The program as provided includes output from the producer and consumers. For reference, a working version of the code with a bounded buffer of size 10 running on shortlist with four consumers produces this output (the comments on the right are added): (NOTE: Your printed console output may not match what is shown identically due to the randomness of thread scheduling. However, your output should show all entries being produced in the correct order and consumed in the correct order).

turku% ./hw4 4 < shortlist

```
main: nconsumers = 4
```

consumer 0: starting

consumer 1: starting

consumer 2: starting

consumer 3: starting

producer: starting

producer: 1

producer: 2

producer: 3

producer: 4

producer: 5

producer: 6

producer: 7

producer: 8

producer: 9

producer: 10

producer: 9

producer: 8

producer: 7

producer: 6

consumer 0: 1

producer: 5

consumer 1: 2

producer: 4

consumer 2: 3

producer: 3

```
consumer 3: 4
producer: 2
  consumer 0: 5
producer: 1
  consumer 1: 6
producer: read EOF, sending 4 '-1' numbers
  consumer 2: 7
  consumer 3: 8
  consumer 0: 9
  consumer 1: 10
producer: exiting
  consumer 2: 9
  consumer 3: 8
  consumer 0: 7
  consumer 1: 6
  consumer 2: 5
  consumer 3: 4
  consumer 3: exiting
  consumer 0: 3
  consumer 0: exiting
  consumer 2: 1
  consumer 2: exiting
  consumer 1: 2
  consumer 1: exiting
```

Finish the bounded-buffer code in hw4.c, adding synchronization so that the multiple threads can access the buffer simultaneously.

NOTE: If you are running your linux environment in a virtual machine, make sure to enable multiple cores. If you do not enable multiple cores, running your code on our machines may produce deadlocks that are not reproducable on your machine.

- There are really two problems here: managing the bounded buffer and synchronizing it.

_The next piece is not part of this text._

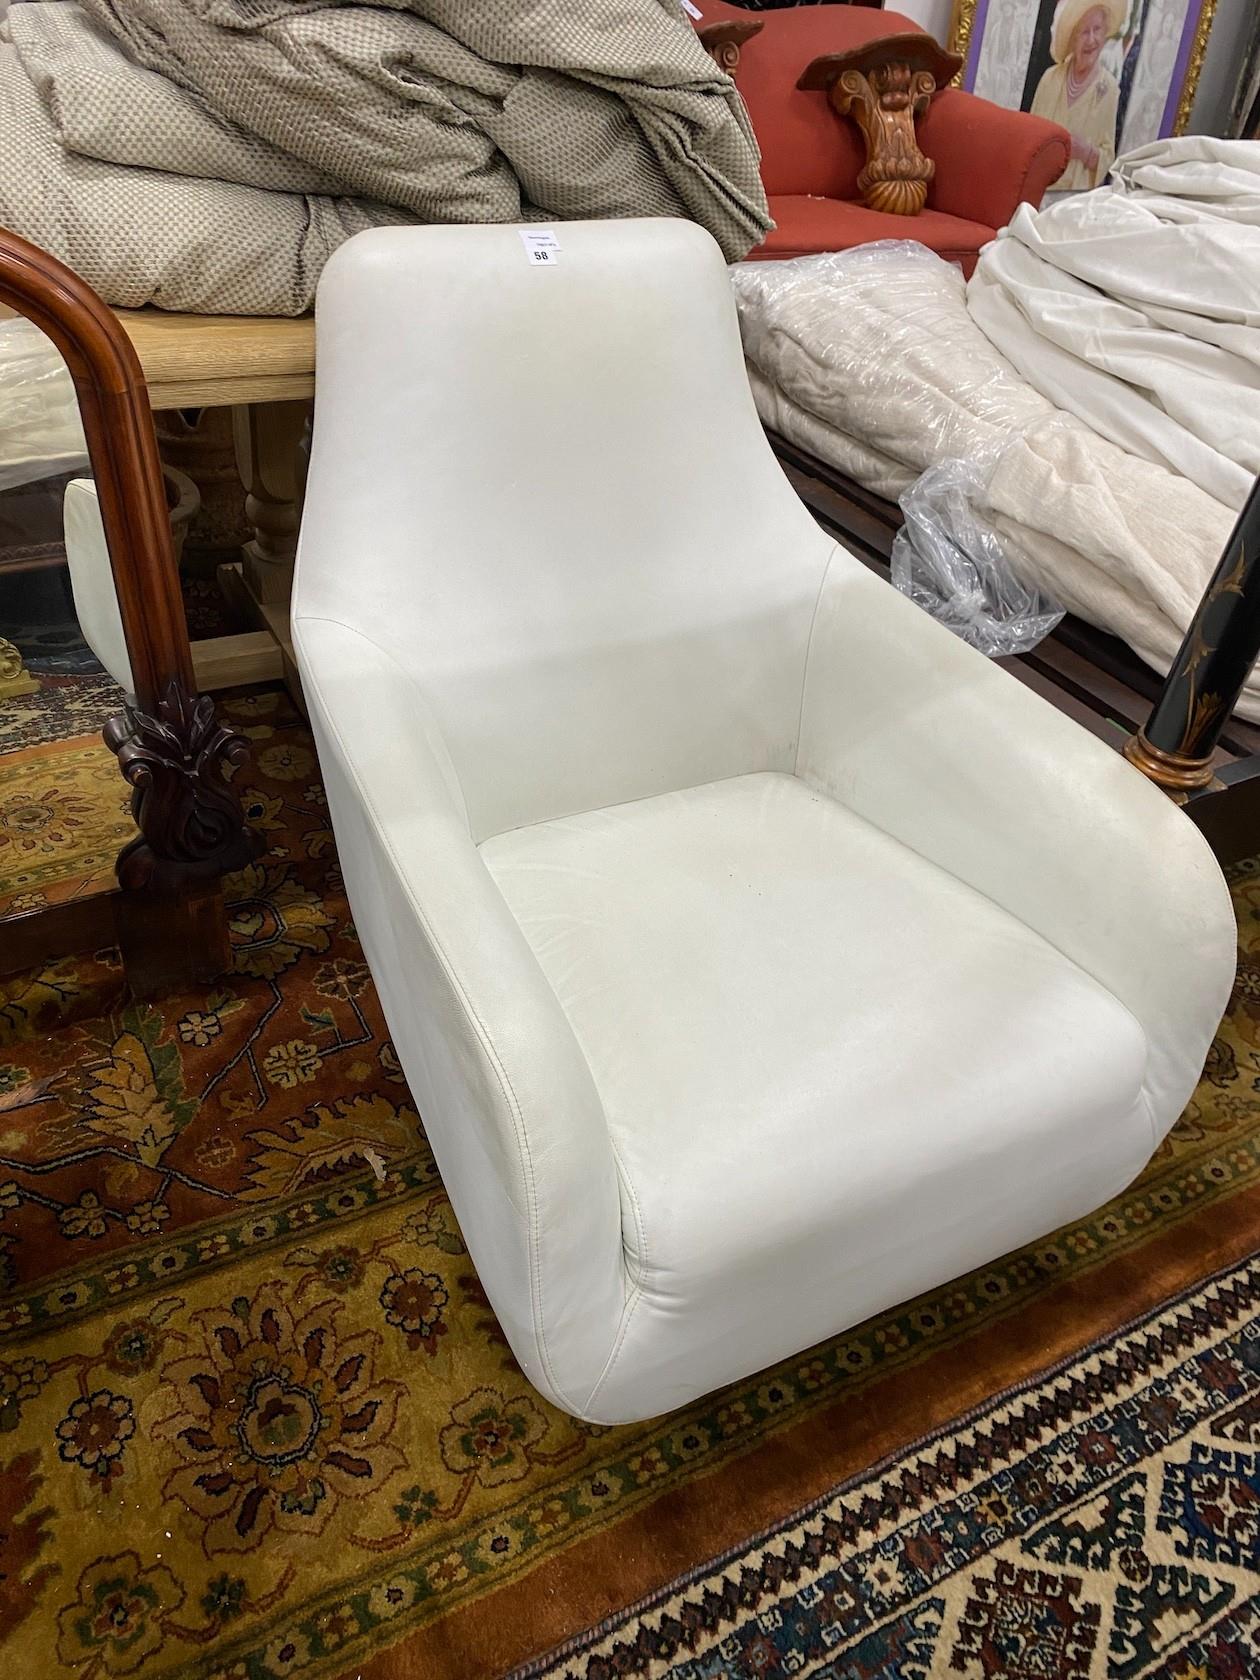 A Ligne Roset white leather armchair, width 70cm, depth 90cm, height 86cm

We suggest to write and test your bounded buffer implementation first before implementing synchronization.
- Your implementation must not spin-wait. There are several possible strategies. An excellent strategy with pthreads is to use a mutex and condition variables, i.e. using pthread\_cond\_wait() to wait when the buffer is empty or full.

#### Testing suggestions:

- You should be able to reproduce the output above.
- Try measuring the execution time with /bin/time. When running with longlist, doubling the number of consumers should roughly halve the execution time. What is the minimum possible execution time?